Exercise: Transcribe all the lines below exactly. Omit the pictures.

Data provided:

......

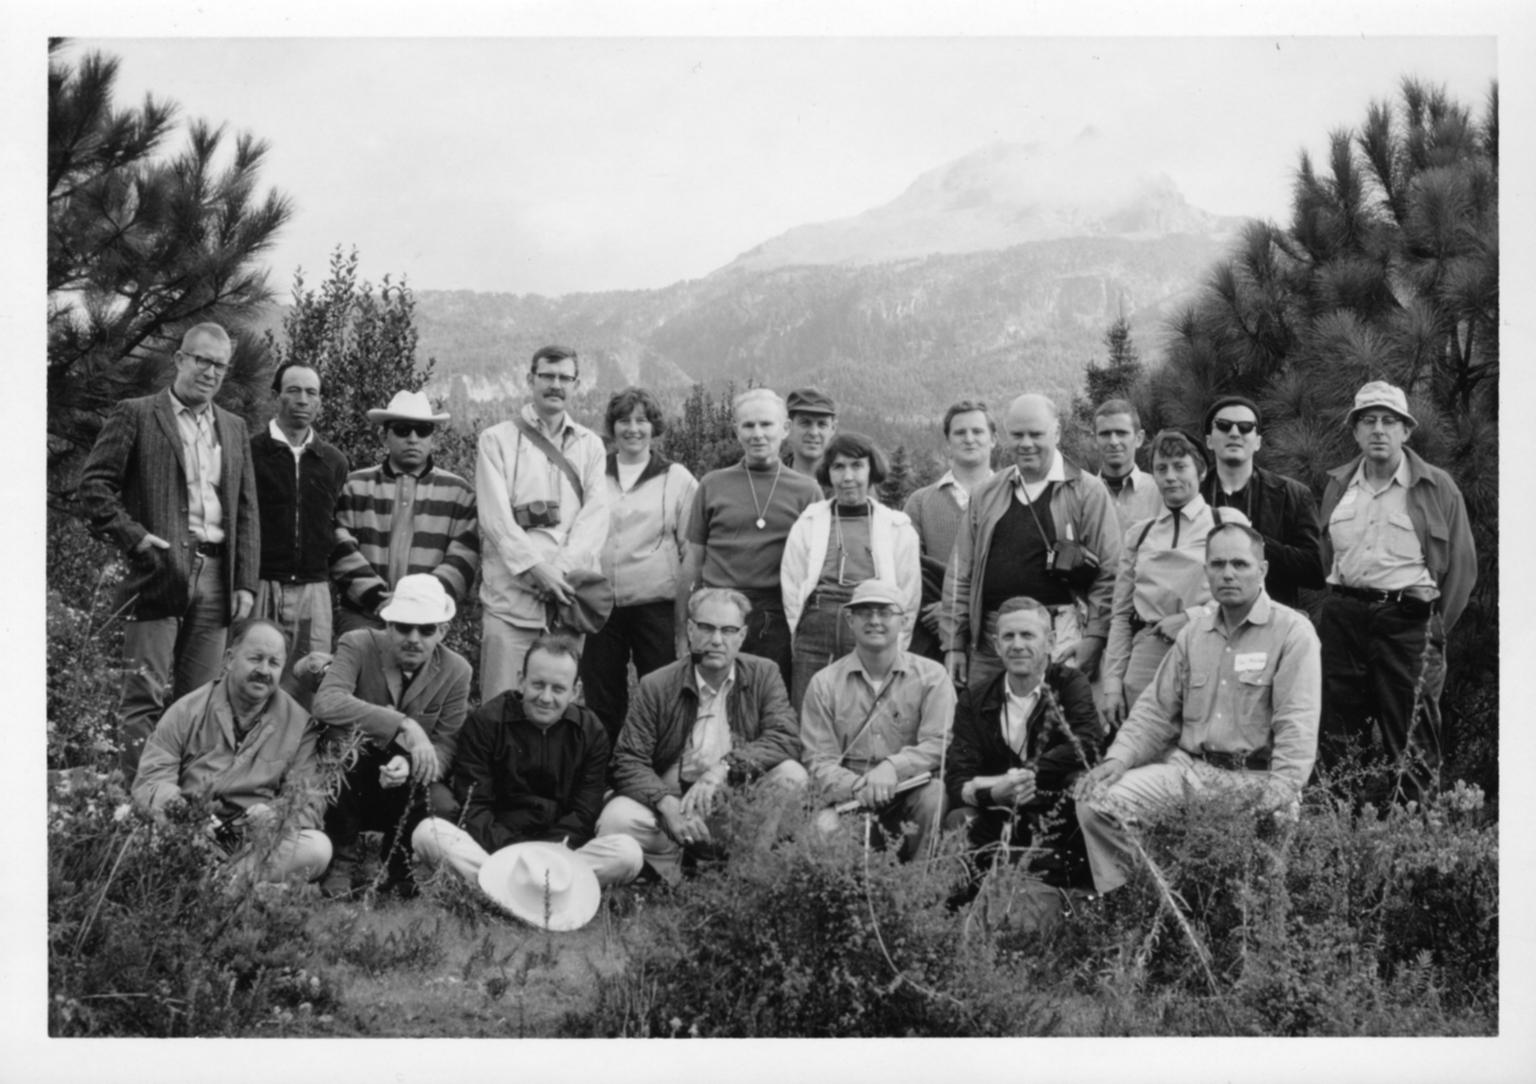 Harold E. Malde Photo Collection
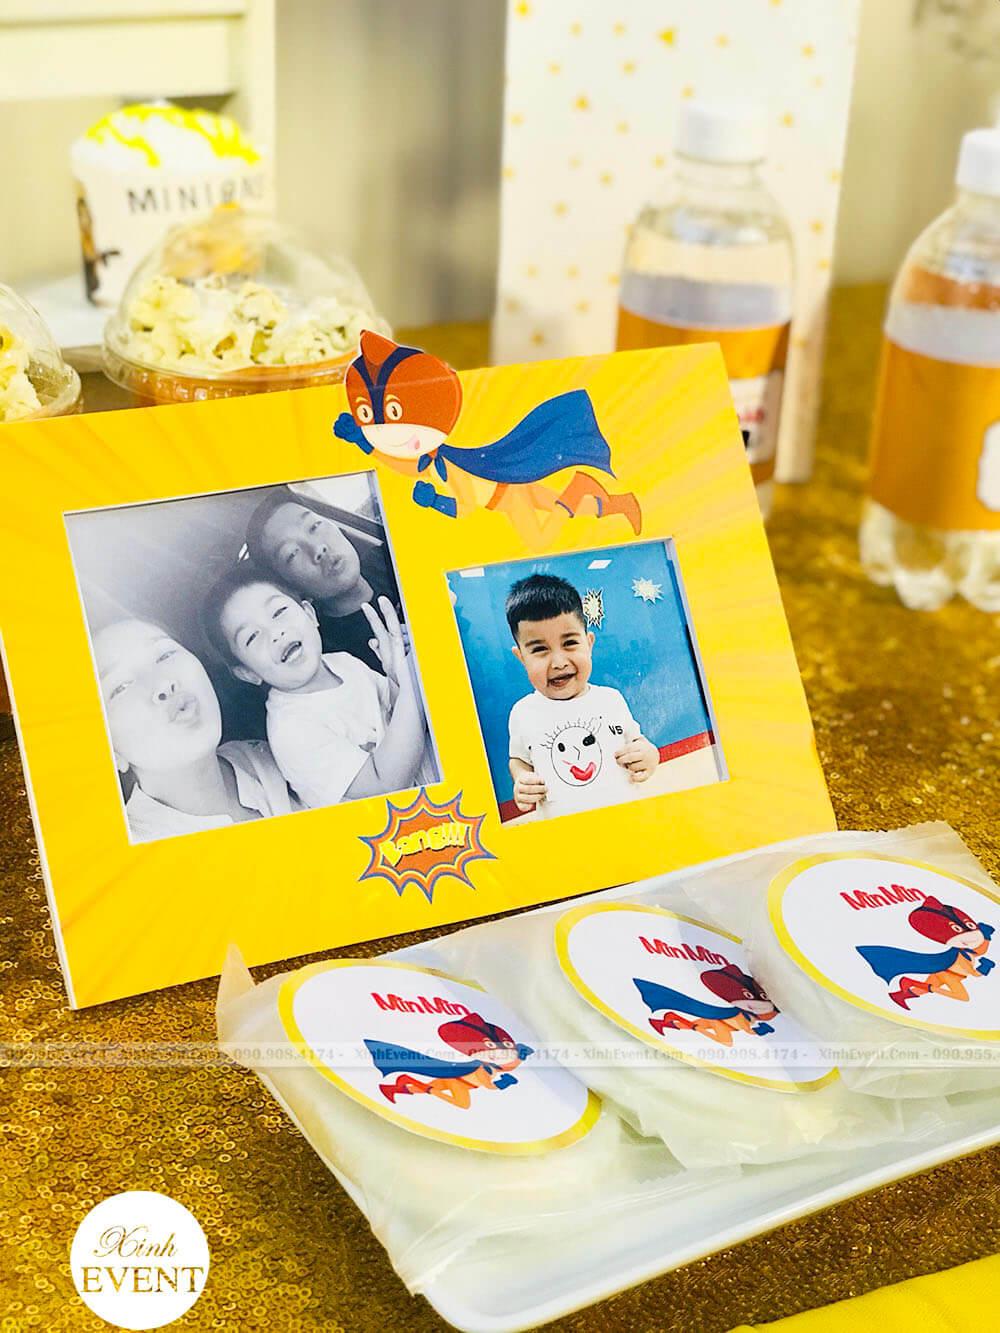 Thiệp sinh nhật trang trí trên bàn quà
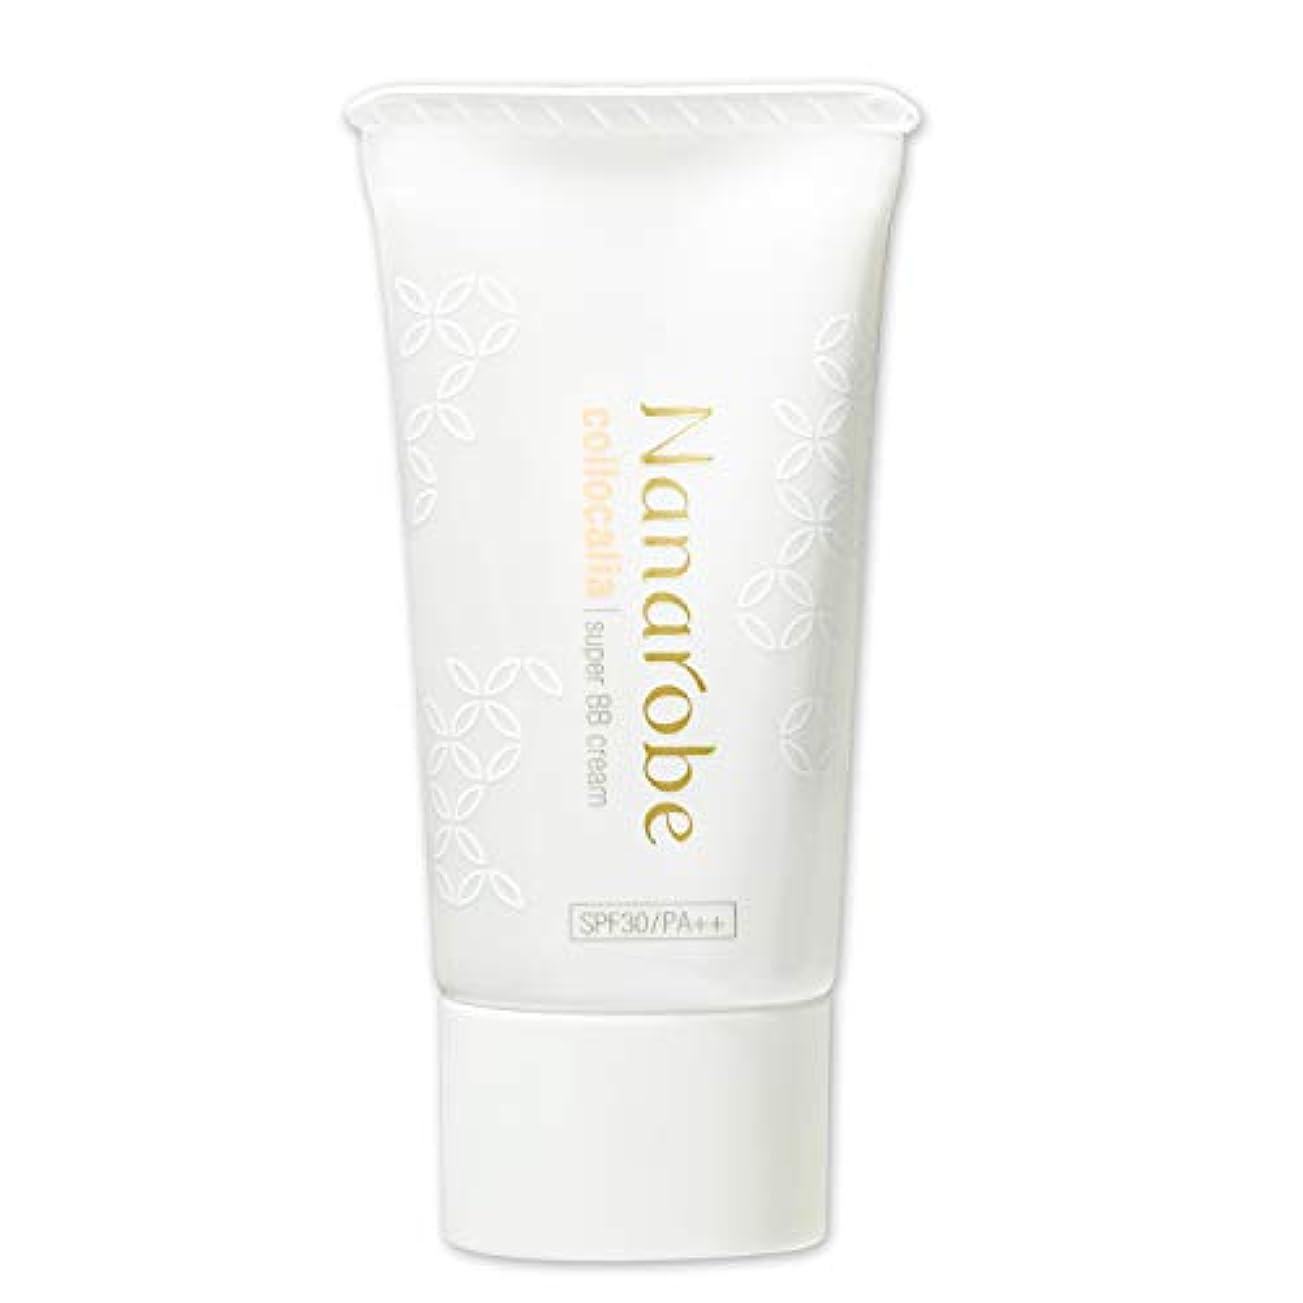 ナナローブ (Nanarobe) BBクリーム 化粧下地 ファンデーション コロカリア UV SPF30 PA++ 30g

......

Reply:
 Harold E. Malde Photo Collection
 Thiệp sinh nhật trang trí trên bàn quà
 ナナローブ (Nanarobe) BBクリーム 化粧下地 ファンデーション コロカリア UV SPF30 PA++ 30g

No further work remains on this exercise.